All of these suggestions are great!  How about any suggestions for someone like me with a programming background looking to add the analytical experience to my resume?  I am taking some of the Coursera classes and reading and trying things out, but is there something else I should be doing to add to my skill set?

Thanks,

Scott

There are several courses but I'd be very suspicious about most of them that offer to teach you all the essentials in X weeks/months. However, if you take a variety of specialized course that could help you gain the bare essentials so that you can proceed to the next steps of your training. IM me for more details.

A couple of courses I've found very useful are Web Intelligence and Big Data (IIT), Machine Learning (Stanford), and Computing for Data Analysis (John Hopkins). All of these are offered in Coursera and you can get a certificate of accomplishment if you pass them (not that it's going to upgrade your resume, but it's nice to get something for all the work you put). As I mentioned before, this is the bare minimum you need to do just to get started. I believe data science is a life-long pursuit.

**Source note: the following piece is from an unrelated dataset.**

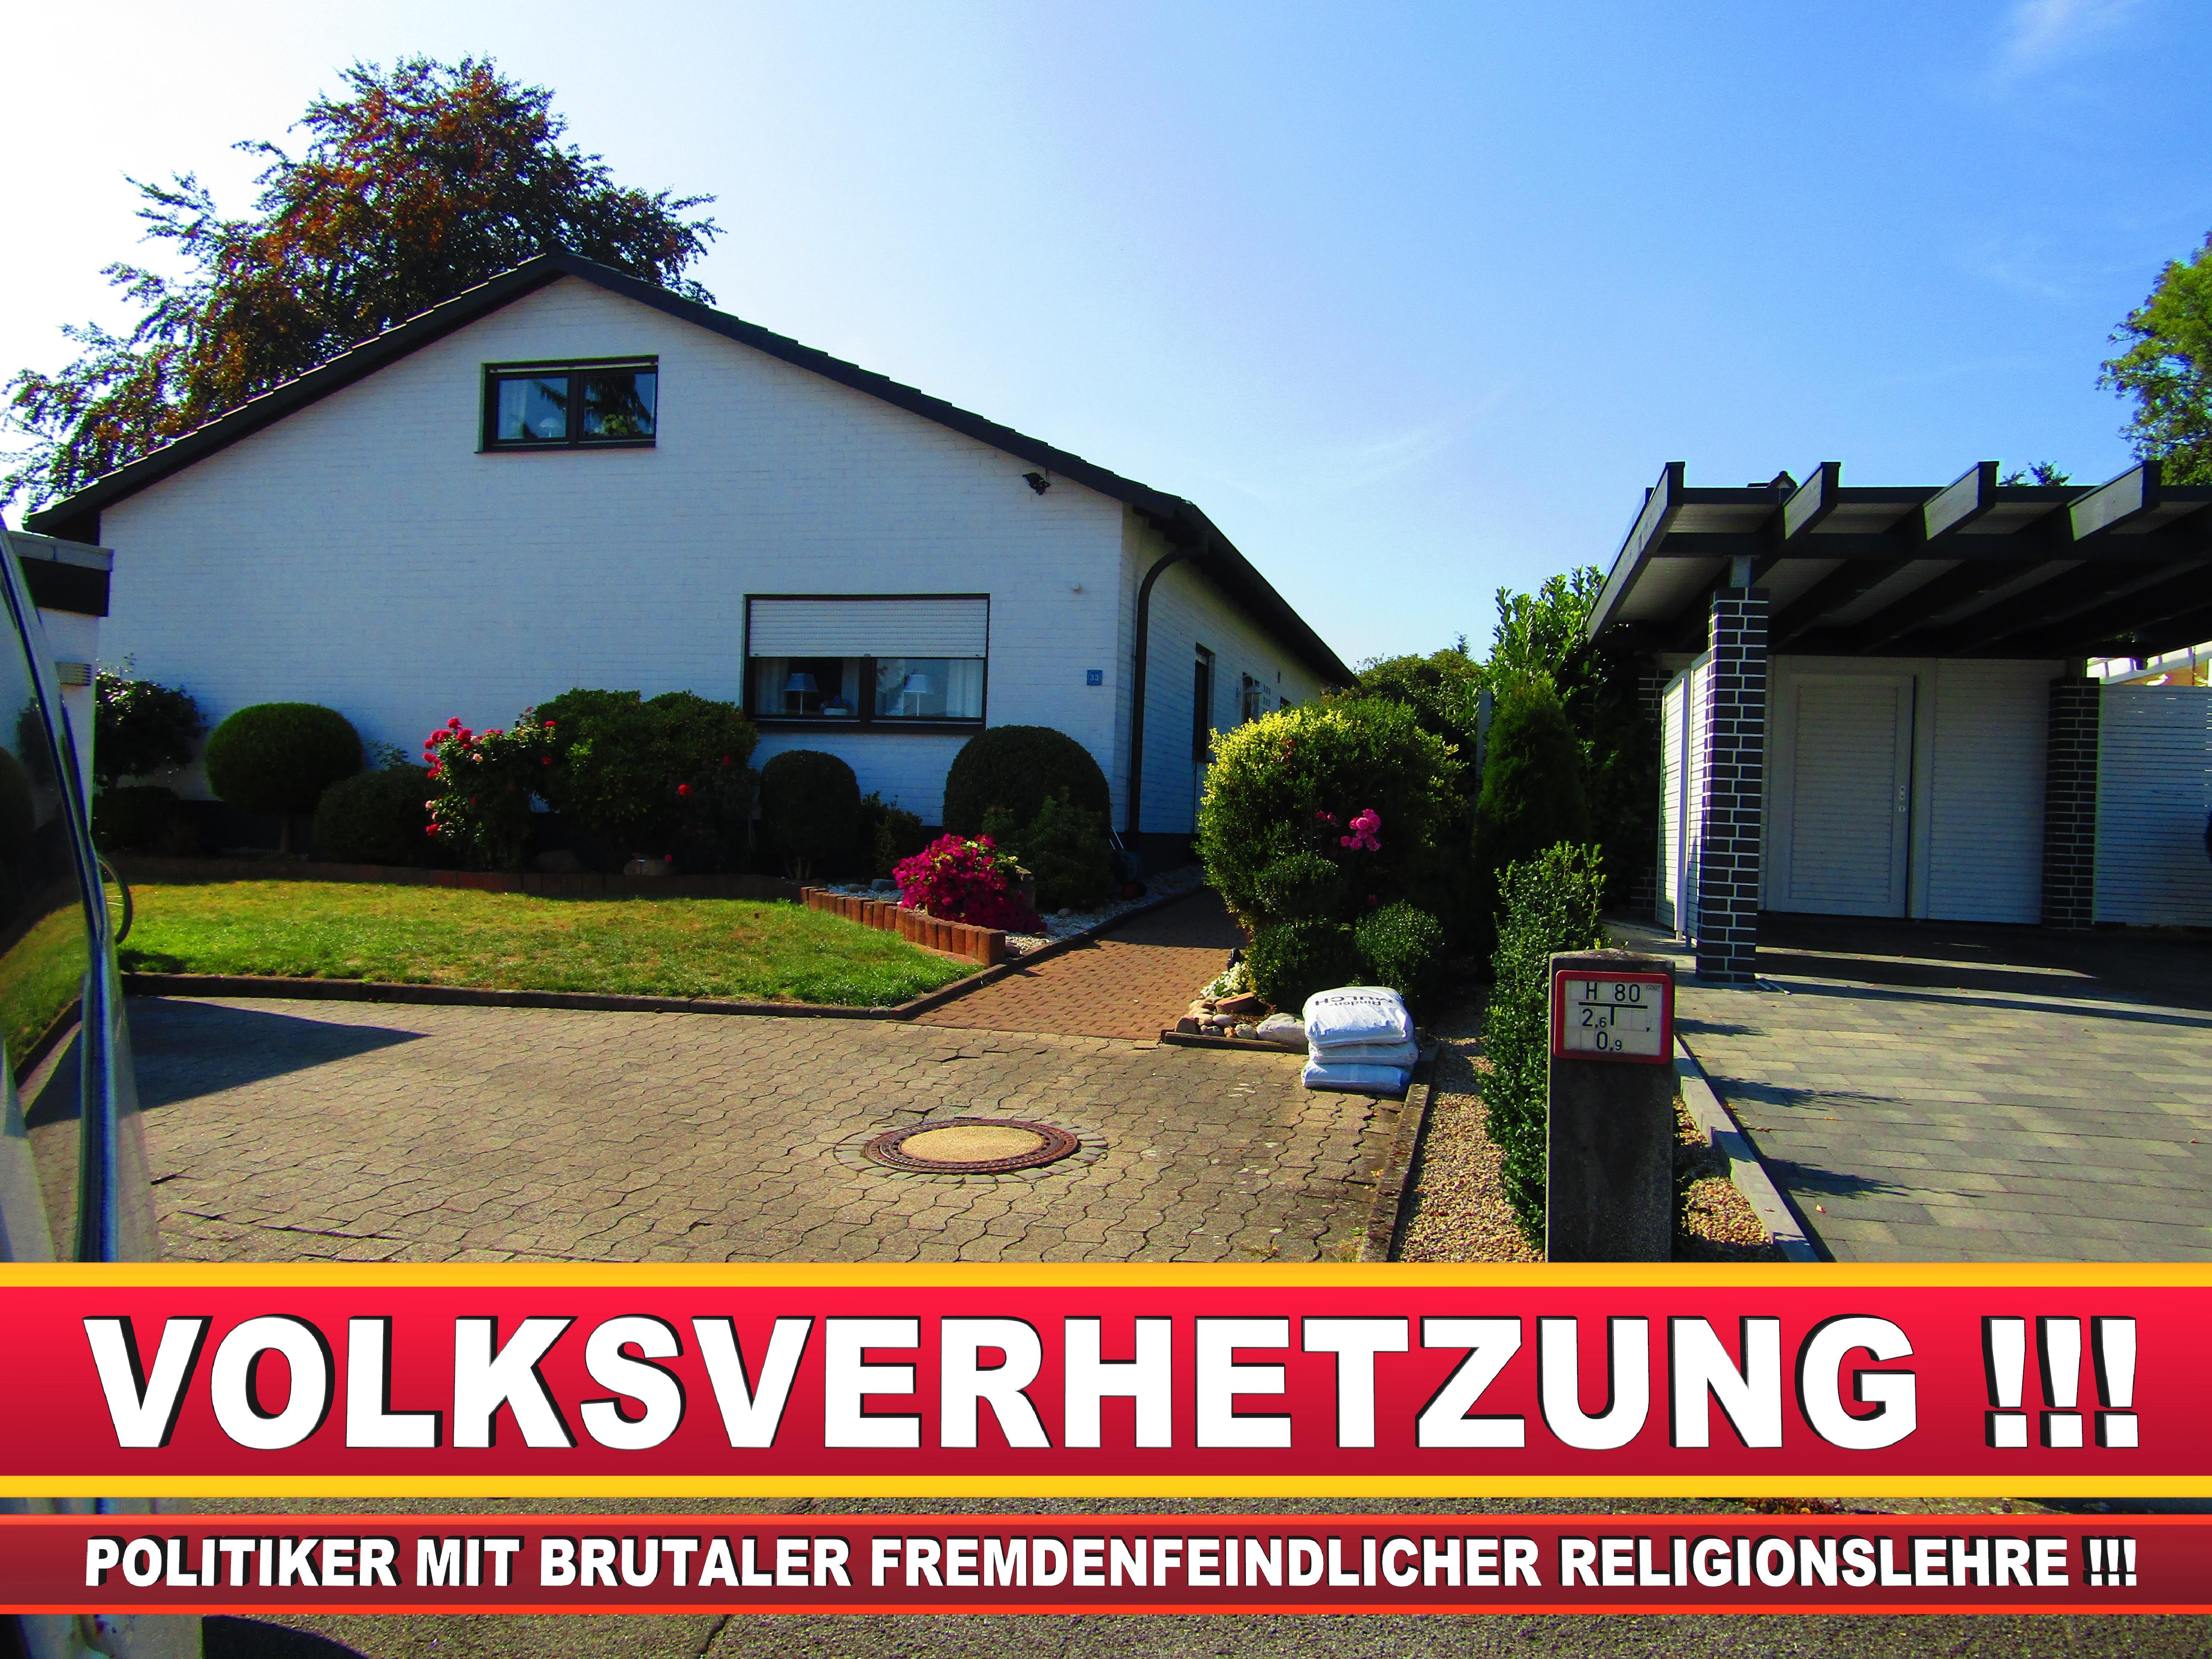 JENS SCHRÖDER CDU BIELEFELD VERTRIEB LICHTWERBUNG BIELEFELD LANDTAGSWAHL BUNDESTAGSWAHL BÜRGERMEISTERWAHL

I'm coming to this a little late, but another thing to consider is that R is nearly impossible for recruiters to search directly for because searches treat it as just one letter. If you're interested in being approached by recruiters (e.g., through LinkedIn), I would strongly suggest beginning with Python.

Might pay off to visit www.bigdatauniversity.com

It looks like this thread is a bit old, but it popped into my inbox today, so here's my 2 cents.

It appears R and Python are neck and neck in the data science field.  Carl will probably find R easier to learn since he does not have a programming background and since he comes from a research and statistical background.  R looks more like the things he's used to.

However, I prefer Python for a variety of reasons.  The first is I have a programming background making Python more or less natural and familiar to me.  Since Carl will no doubt encounter other programming languages in his Data Science career learning a programming language is a must.  And Python is a good first language to learn.



Ben James said:

I think the three languages you're most likely to encounter in the field are R, Matlab, and Python. I'd recommend learning Python.

R is good for classical stats, and has a number of nice libraries, but its syntax and usage will not give you a good intro to other programming languages - it's kind of its own thing. The biggest issues with R has to do with efficiency. By default, it's got very slow I/O, gobbles RAM like you wouldn't believe, and often doesn't make the most efficient use of your CPU. If you're working with big data sets, you'll run into R's bottlenecks pretty quickly. I've been told there are ways to mitigate some of these issues, but is the hoop-jumping really worth it?

Matlab tends to be pretty prevalent in academia. I'm not a big fan of this language, in part because of its syntax, and in part because it's proprietary, as well as a few other reasons.

Python is the one you'll probably most often encounter in professional environments. It's easy to learn and use, and once you've got a good grip on it, you can easily transition to many other programming languages. Some programmers don't like that whitespace is significant in Python, but it actually helps you produce extremely readable code. Python implementations tend to be very efficient - you sometimes get performance improvements between one and two orders of magnitude using Python over R, for example.

For data science purposes, check out Python's scikits module (bunch of machine learning/stats stuff), matplotlib (visualization), and pandas (you can use dataframes, which are perhaps the best feature inherent to R).

You'll also want to look up NoSQL databases, MapReduce, and Hadoop.

To get some experience, participate in kaggle contests.
Very well said! In particular,  
"R is good for classical stats, and has a number of nice libraries, but its syntax and usage will not give you a good intro to other programming languages'' really hits the nail on the head. I would definitely start with python.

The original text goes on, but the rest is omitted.